Tak hanya beras dan daging ayam, harga cabai rawit merah yang pada awal tahun hanya Rp 40.000 per kg kini naik hingga Rp 50.000 per kg. Lalu harga telur ayam yang semula Rp 26.500 kini menjadi Rp 27.700 per kg.
Melihat kondisi itu, sejak awal Februari, Pemerintah Provinsi Kalteng membuka kembali pasar penyeimbang dengan harapan bisa mengontrol harga. Wakil Gubernur Kalimantan Tengah Edy Pratowo mengungkapkan, pasar penyeimbang merupakan bentuk intervensi pemerintah terhadap kenaikan harga.
Kehadiran pasar penyeimbang bisa membantu masyarakat, khususnya yang kurang mampu. Apalagi, di sini semuanya terjangkau karena disubsidi.
Pasar ini dibuka setiap pagi pukul 08.00 WIB sampai pukul 12.00. Di dalamnya pemerintah menjual berbagai kebutuhan pokok, mulai dari beras hingga minyak goreng, juga daging ayam potong, dengan harga normal karena langsung dari distributor. Pemerintah menyubsidi biaya distribusi sehingga masyarakat bisa membeli dengan harga lebih murah dari harga di pasar.
”Dengan adanya intervensi pemerintah, maka diberikan subsidi kepada masyarakat. Kami berharap semoga dengan adanya kegiatan pasar penyeimbang ini, stabilitas harga bisa terjaga dengan baik,” kata Edy.
Namun, sampai saat ini pasar penyeimbang belum berhasil menurunkan harga meskipun barang pokok yang dijual ludes dibeli masyarakat. Namun, pasar penyeimbang bukan pasar utama yang mampu memenuhi permintaan, selalu terjadi kekurangan.
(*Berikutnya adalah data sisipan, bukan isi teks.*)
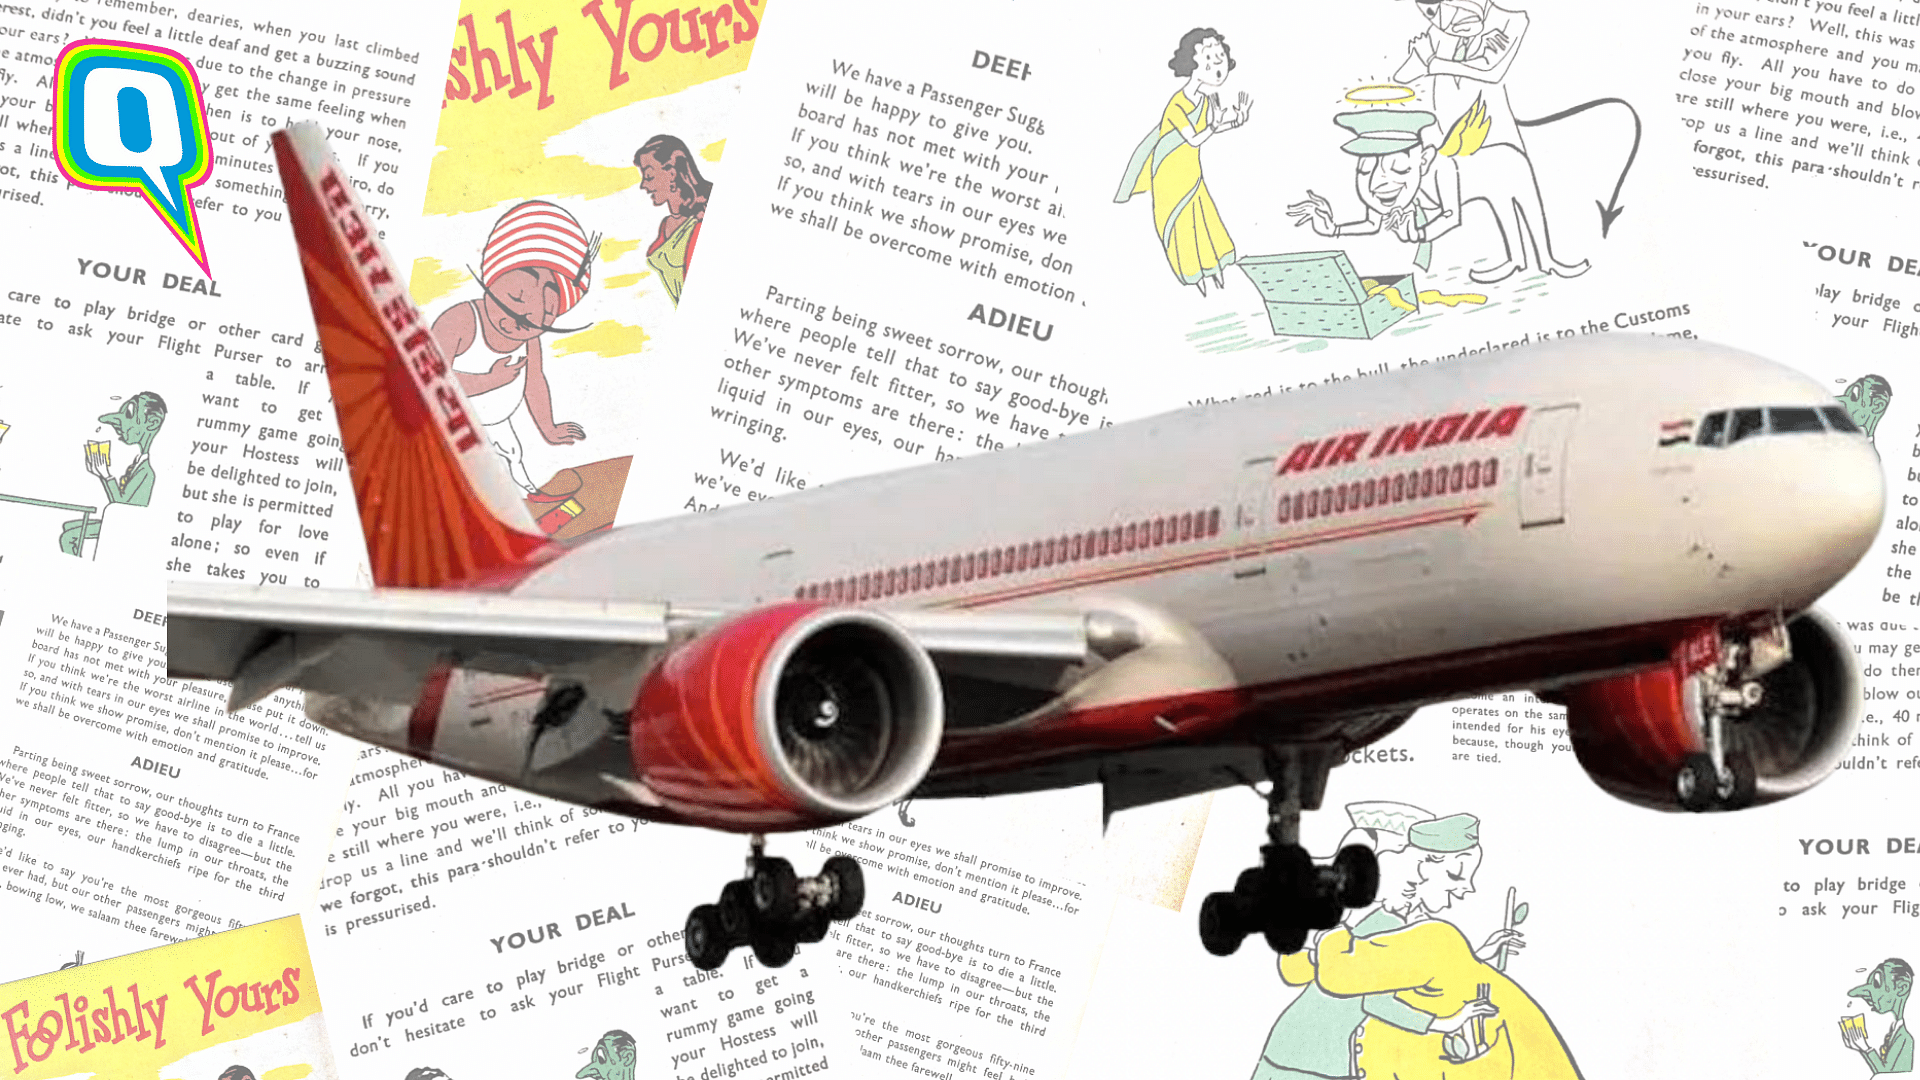 <div class="paragraphs"><p>'Foolishly Yours', a book given to Air India international passengers back in the day.</p></div>

”Memang tidak bisa langsung, tetapi paling tidak kehadiran pasar penyeimbang bisa membantu masyarakat, khususnya yang kurang mampu. Apalagi, di sini semuanya terjangkau karena disubsidi,” ujar Edy.
Ironi
Kenaikan harga beras dilihat sebagai bentuk ironi karena Kalteng didapuk sebagai lumbung pangan nasional sejak kehadiran Program Strategis Nasional (PSN) yang dikenal dengan sebutan food estate.
Terdapat dua komoditas utama dalam program tersebut, yakni padi dan singkong. Program singkong kini ditanami jagung di lahan seluas lebih kurang 600 hektar, sedangkan komoditas padi dibagi menjadi dua bagian.
Seharusnya dengan luas produksi ditambah, produksi beras di Kalteng menjadi berlimpah. Namun, kenyataan justru sebaliknya.
Pertama, program intensifikasi atau mengintensifkan kembali sawah petani yang sudah ada luasnya di Kalteng mencapai lebih kurang 31.000 hektar di dua kabupaten, yakni Kapuas dan Pulang Pisau. Program kedua disebut ekstensifikasi atau pembuatan sawah di lahan baru yang luasnya, sampai saat ini, mencapai 16.644 hektar (Kompas.id, 9 Oktober 2022).
Direktur Save Our Borneo Muhammad Habibi mengungkapkan, seharusnya dengan luas produksi ditambah, produksi beras di Kalteng menjadi berlimpah. Namun, kenyataan justru sebaliknya.
”Ada kegagalan dalam proyek ini, terutama yang singkong. Ini menunjukkan ketidakseriusan pemerintah dalam mengurus pangan,” kata Habibi.